- Opening Delimiter -

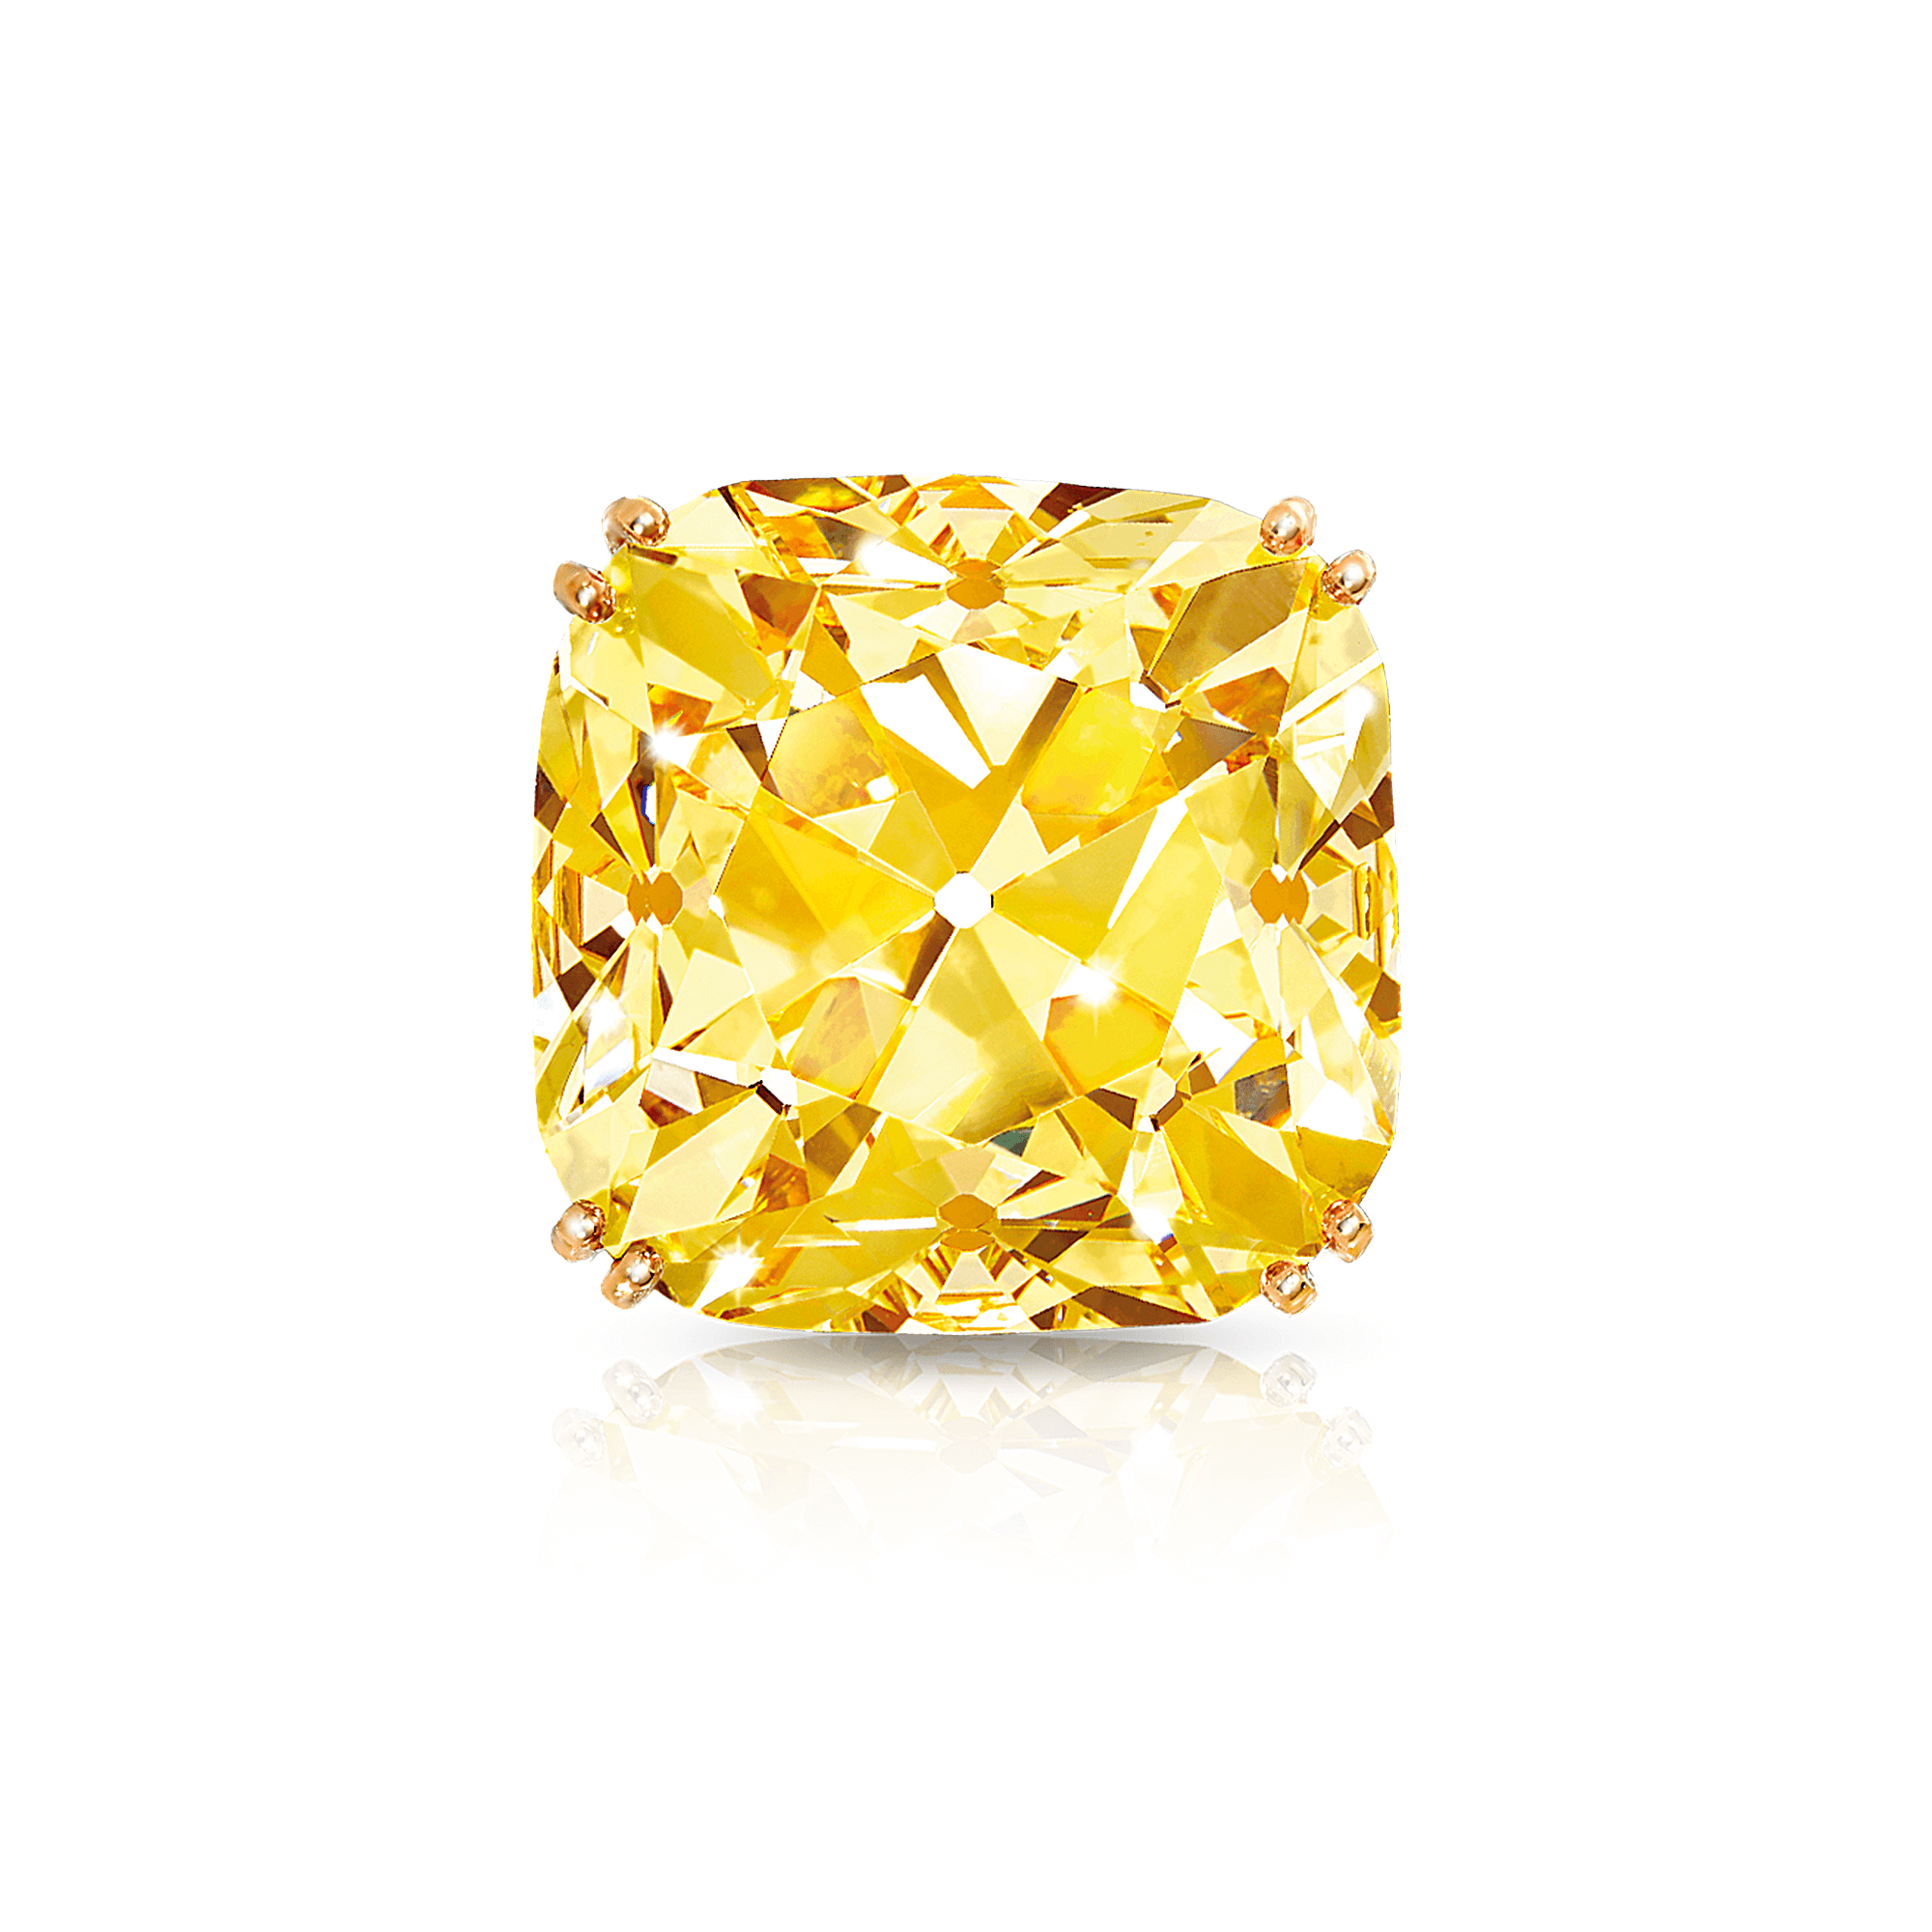 The Graff Sunflower, a 107.46 carat Fancy Yellow diamond
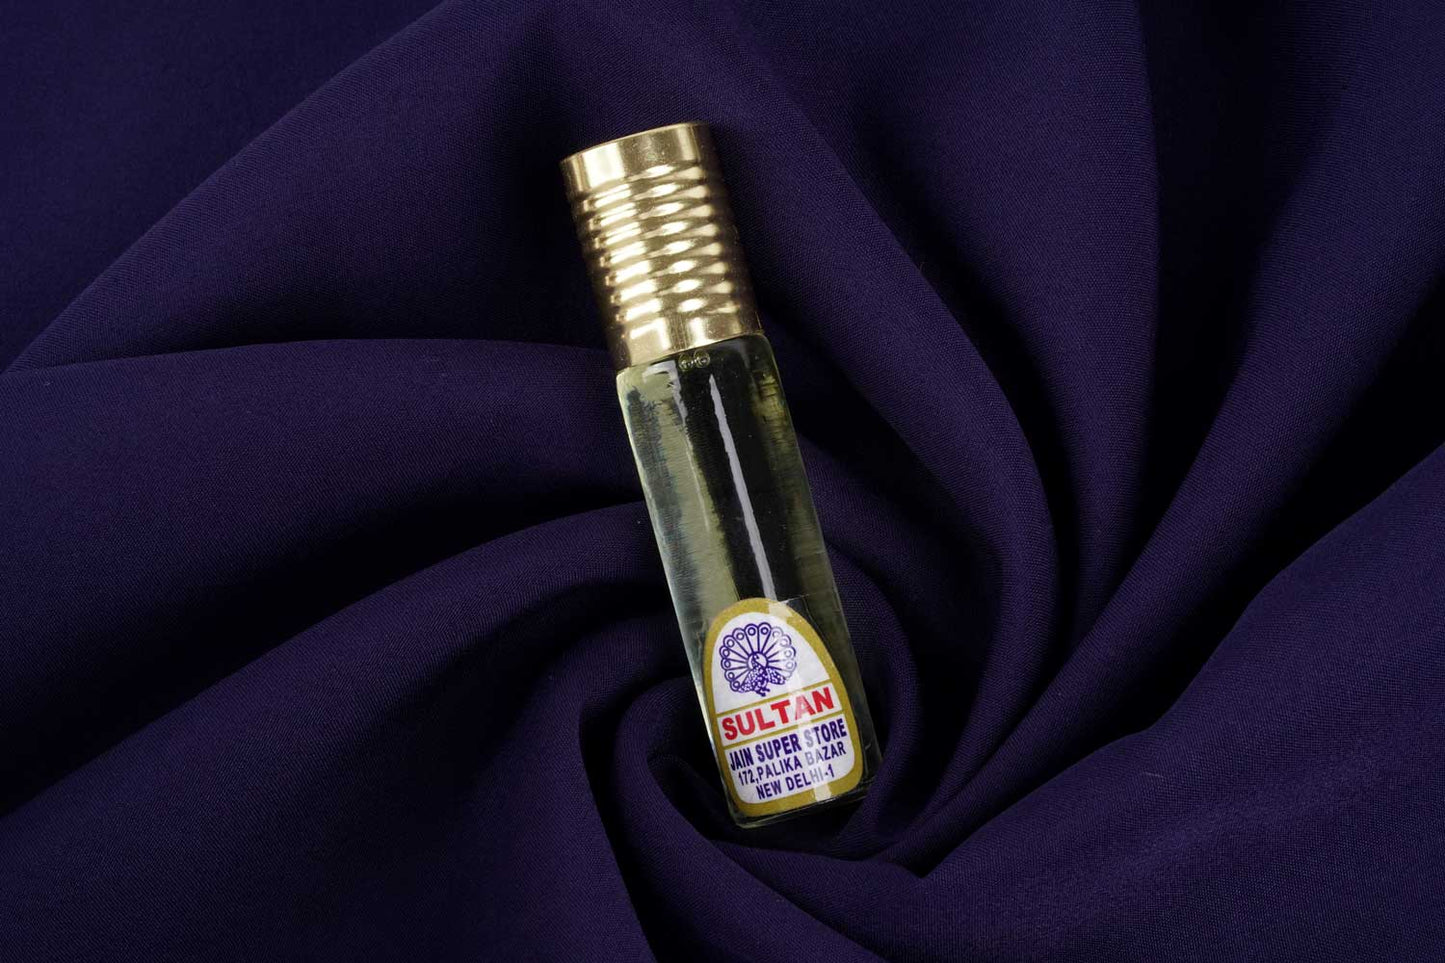 Sultan Attar Perfume
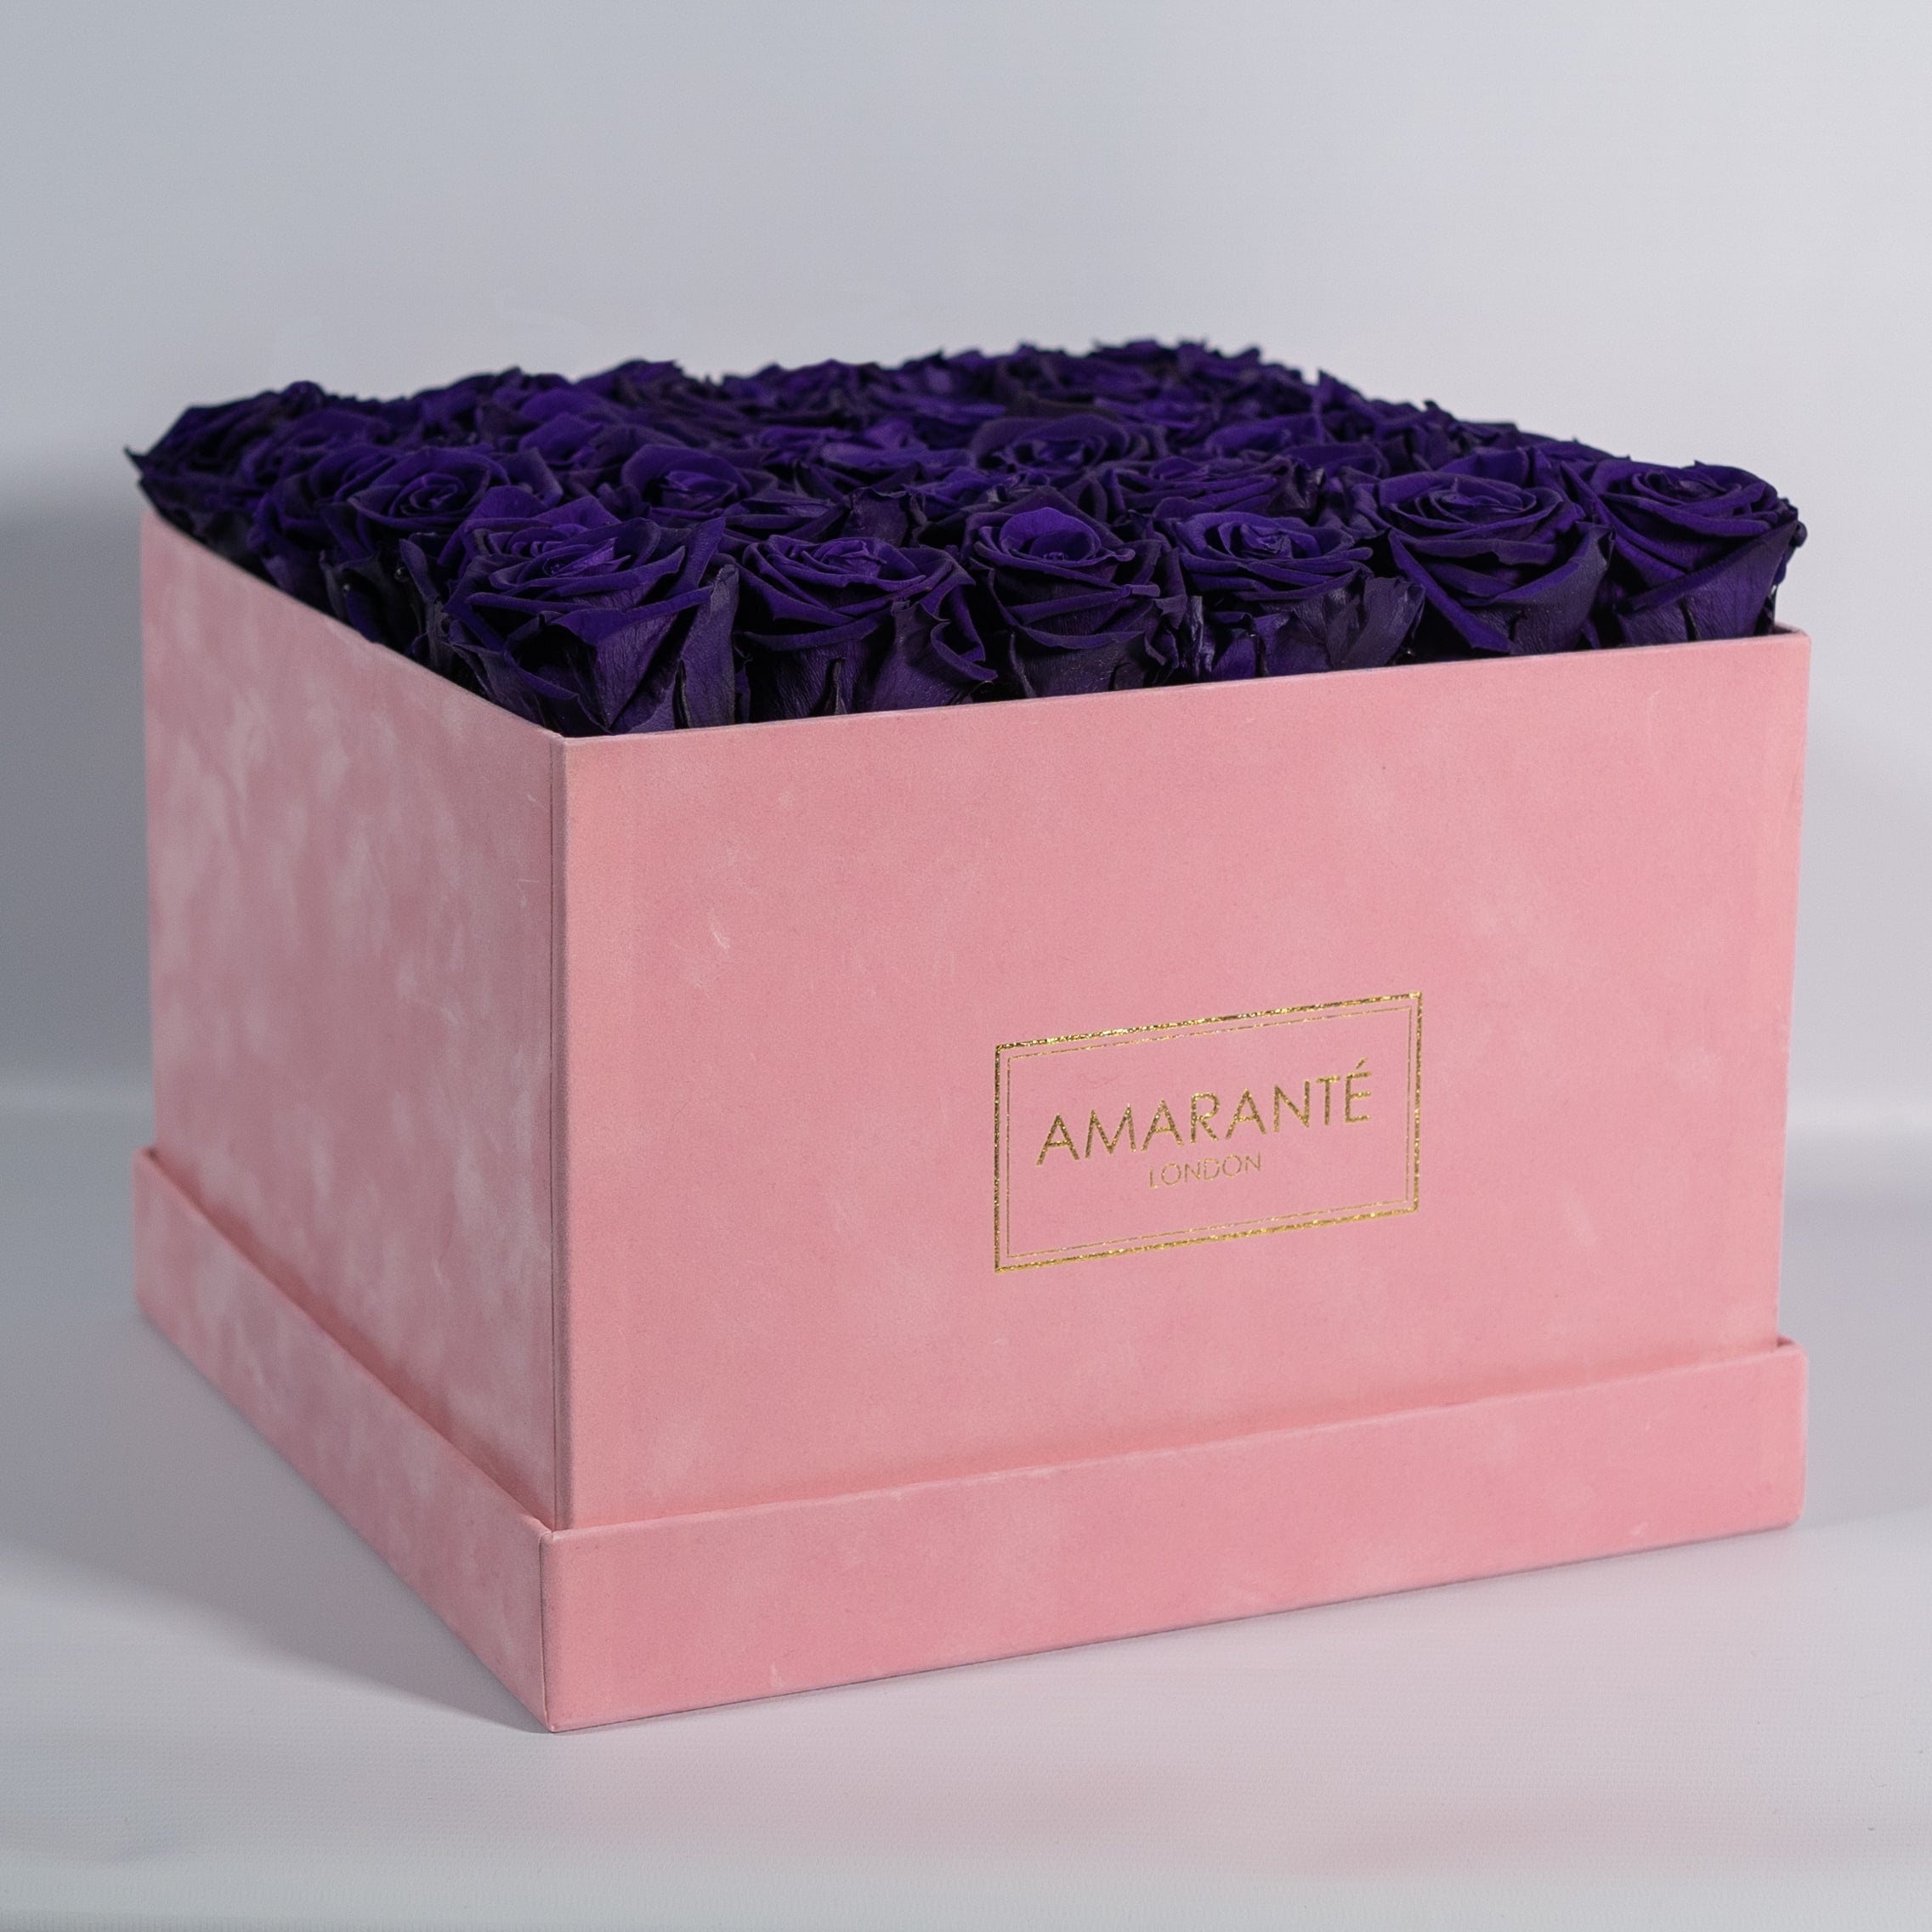 Stunning dark purple roses implying fantasy and creativity

- Closing Delimiter -

**PROBLEM DETAILS**
The listing above is to be retyped exactly, with all pictures left out.

**OUTPUT**
 The Graff Sunflower, a 107.46 carat Fancy Yellow diamond
 Sultan Attar Perfume
 Stunning dark purple roses implying fantasy and creativity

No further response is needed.